I mean, I'm already there with my eldest where she's like, can you stop walking next to me on the street when we walked to school?
I'm like, sorry.
So sorry.
Like I went to Korea's Day on Monday for years six.
And I was like, did a 30 minute talk about being a writer and a TV presenter.
And I was like, did you like it?
And she was like, why did you wear the cardigan with feathers on?
Oh, my God.
Because I'm jassy.
I'm jassy.
I touched the small of my son's back a couple of years ago.
I've never touched him since.
I was like, I'm really sorry.
I touched him.
And it's hard because I'm not, in some ways I am the mum my mum was.
But in other ways, I'm not because my mum dedicated her life to us.
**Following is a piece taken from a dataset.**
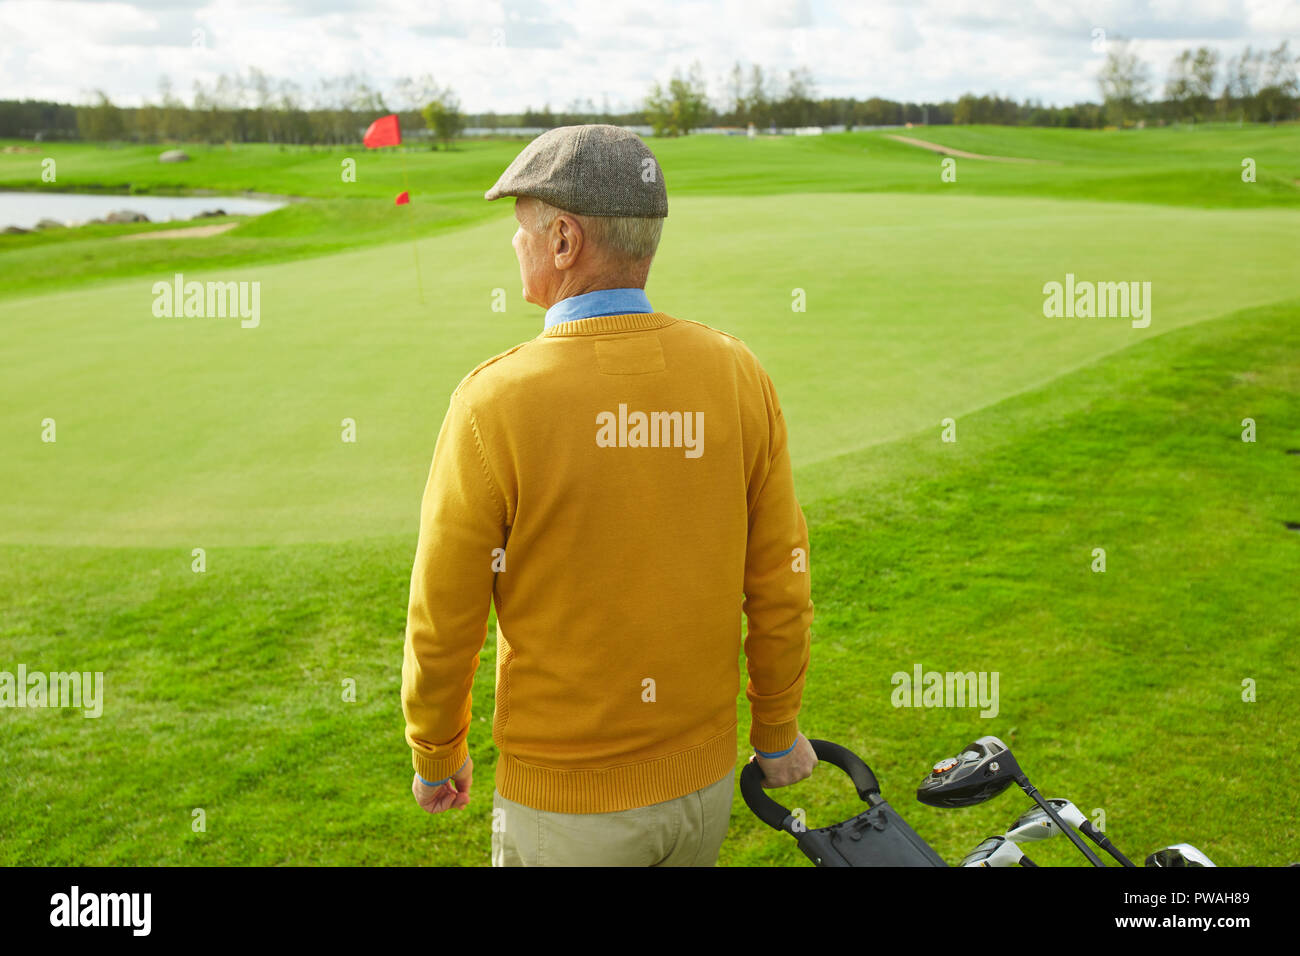 Vue arrière de casual man pulling sportive sac avec clubs de golf tout en se déplaçant vers le bas champ vert pour jouer au golf Banque D'Images

she sacrificed her career. And I'm not ashamed to say, I don't, I don't, I sacrifice parts of my
career. Of course I do. But I am a career woman, which is different to what my mom was, you know.
And she's had opinions on that too, and I understand that. But Richie's a good dad. And we,
we work together as a team, you know. But yeah, I'm so grateful to my mom and dad that they
gave me all of this so that I could be who I am today.
that's why all that I am is them not what happened to me yes absolutely and this is the
overriding message i'm going to end with me holding this book because everybody should get
this book no honestly katy i i i knew you a bit before and but i i read this and i really know you
and I like you so much.
Your message in this book is brilliant for everybody.
Everyone in life should read this book.
I feel like me and you've just run a marathon together with no refreshments.
Yeah.
I feel like kind of exhausted.
Yeah.
Yeah.
But in a good way, I am happy exhausted.
This is...
Well, I just love what you're doing because I don't know,
could I have done this interview like 10 years ago
and what would have been the platform.
Like, I feel like I couldn't.
And I feel like what I can do here with you
is say things that might have been like a seat,
not a secret, but just I just don't know if there was like the space for that, you know.
And that you haven't, you know, I've done interviews in the past with women.
And it feels like they want to catch you out.
And it's accusation or there's, that is weird ownership and blame.
And I don't know, I just feel like what your creating is really special.
Well, God.
And I respect you so much. So coming from you, that's really high praise. And I thank you very, very, very much for that.
It helps lots of people. Katie, you help lots of people. Can we just quickly mention your charity?
Can we just, would you just mention it by name? Just in case anybody's watching that might need a bit of help. We will obviously put a link to it as well everywhere.
So we're a national charity, the Katie Piper Foundation. We're there for anybody who's had traumatic scarring or a burn injury.
We fund rehabilitation, scar management, psychological support,
and we support partners and family as well as the survivor.
And we always need people to do crazy things for us to raise money as well.
And any volunteers? Do you never need volunteers or people to help you?
Yeah, it's about community and that's the thing that as you've heard talking to me at length,
it doesn't take just the survivor or one person to help somebody, any recovery, whatever it is,
whether it's a benefit.
It takes a village and that's what we always need.
and we're always grateful for anybody in any capacity.
Katie,
I really love you.
I love you too.
Thank you.
Thank you.
Thank you for trusting me.
Coming here, I was like,
I don't know what I'm going to say.
I don't know if I've got anything to say.
What have I got to say compared to other guests?
I was really worried.
Isn't that like...
And it's not just what you've said.
It's what we've learned.
Yeah.
I've really enjoyed it.
Is that a weird word?
to say, enjoyed it. I've enjoyed every second of it. It was amazing. Thank you.